Many kids — or young adults — are beginning adulthood and contemplating their options from the comforts of home. In 2016, millennials — those ages 18 to 34 — will relax in the nest of their mom and dad.
Today, there are more millennials living at home than there were during the depths of the Great Recession, according to a 2015 Pew Research Center analysis of U.S. Census Bureau data. This affects not only parents but the nation’s housing market recovery and construction industry, too, as well as ancillary purchases that accompany new homes such as electricity, cable, and home furnishings.
But mom and dad might well have a millennial in one bedroom and a senior parent in the next.
Pew Research reported that most adult Americans say that one of their family members is caring for an aging parent. And the Bureau of Labor Statistics says there are 40.4 million unpaid caregivers of adults ages 65 and older — another factor that greatly affects consumer choices and spending power.
This trend will only increase as our population grows older. The Administration on Aging says that people 65 years or older numbered 44.7 million in 2013, the latest year for which data is available. They represented 14.1 percent of the U.S. population, about 1 in every 7 Americans.

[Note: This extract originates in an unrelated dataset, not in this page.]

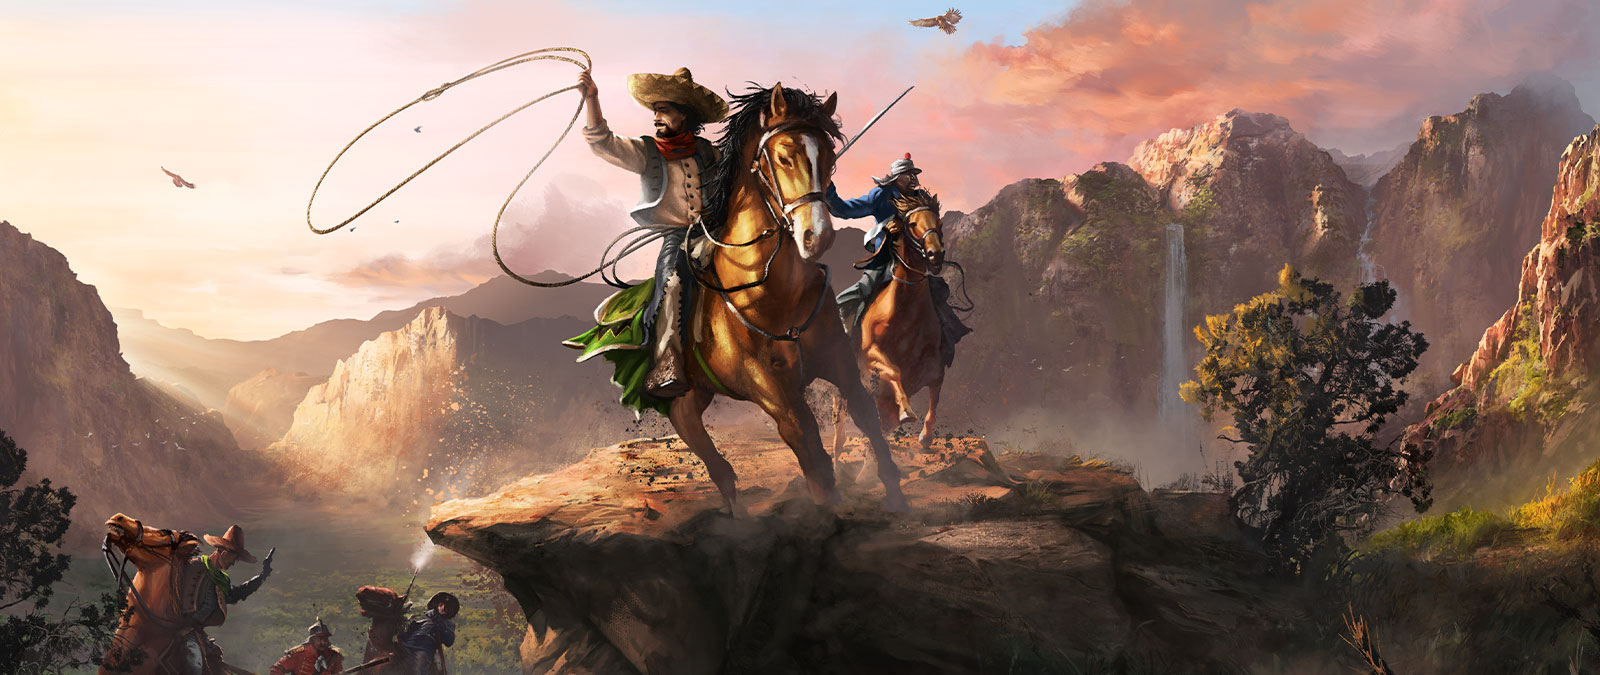 Két szereplő ül lovon egy nagy völgyben, kezükben lasszóval és karddal.
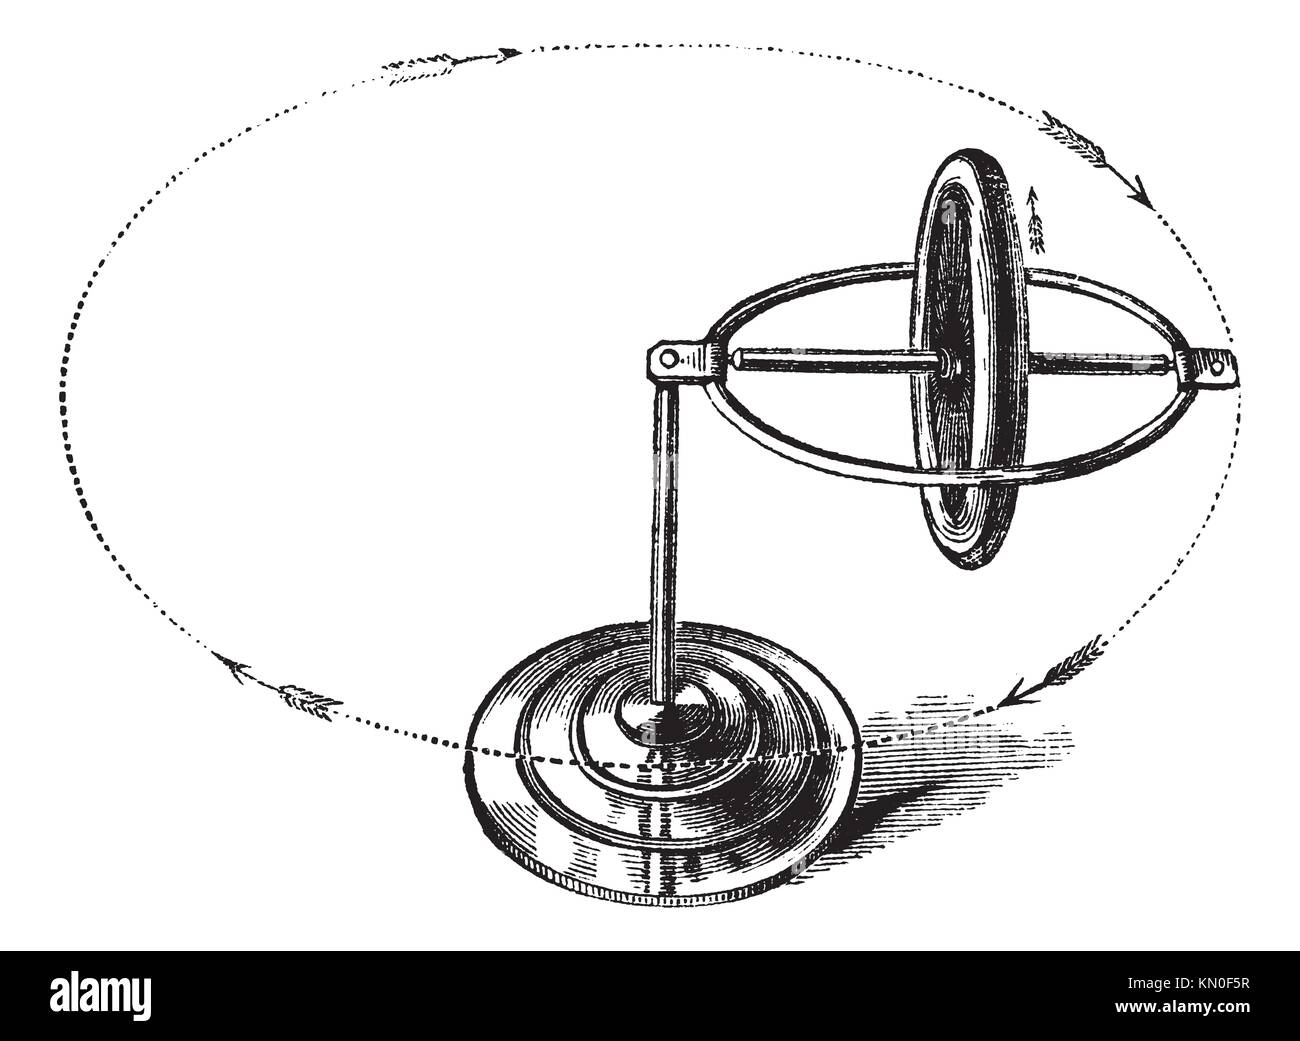 Gyroscope vintage engraving Old engraved illustration of gyroscope Stock Photo

By 2060, there will be about 98 million older people, more than twice the number in 2013. People 65 and older represented 14.1 percent of the population in the year 2013, but are expected to grow to be 21.7 percent of the population by 2040.
This translates into an increasing, and unprecedented, need for aging services and caregivers. We are still good at looking out for one another: 17 percent of adults age 65 and older are caring for another aging adult, with 33 percent of those being a friend or neighbor.
What will this mean for families that have to increasingly spend more of their time and resources caring for others?
“As I found consistently from other experts I talked to in writing ‘Broken Bonds,’ we’re still a successful nation — but not as successful,” said author Pearlstein.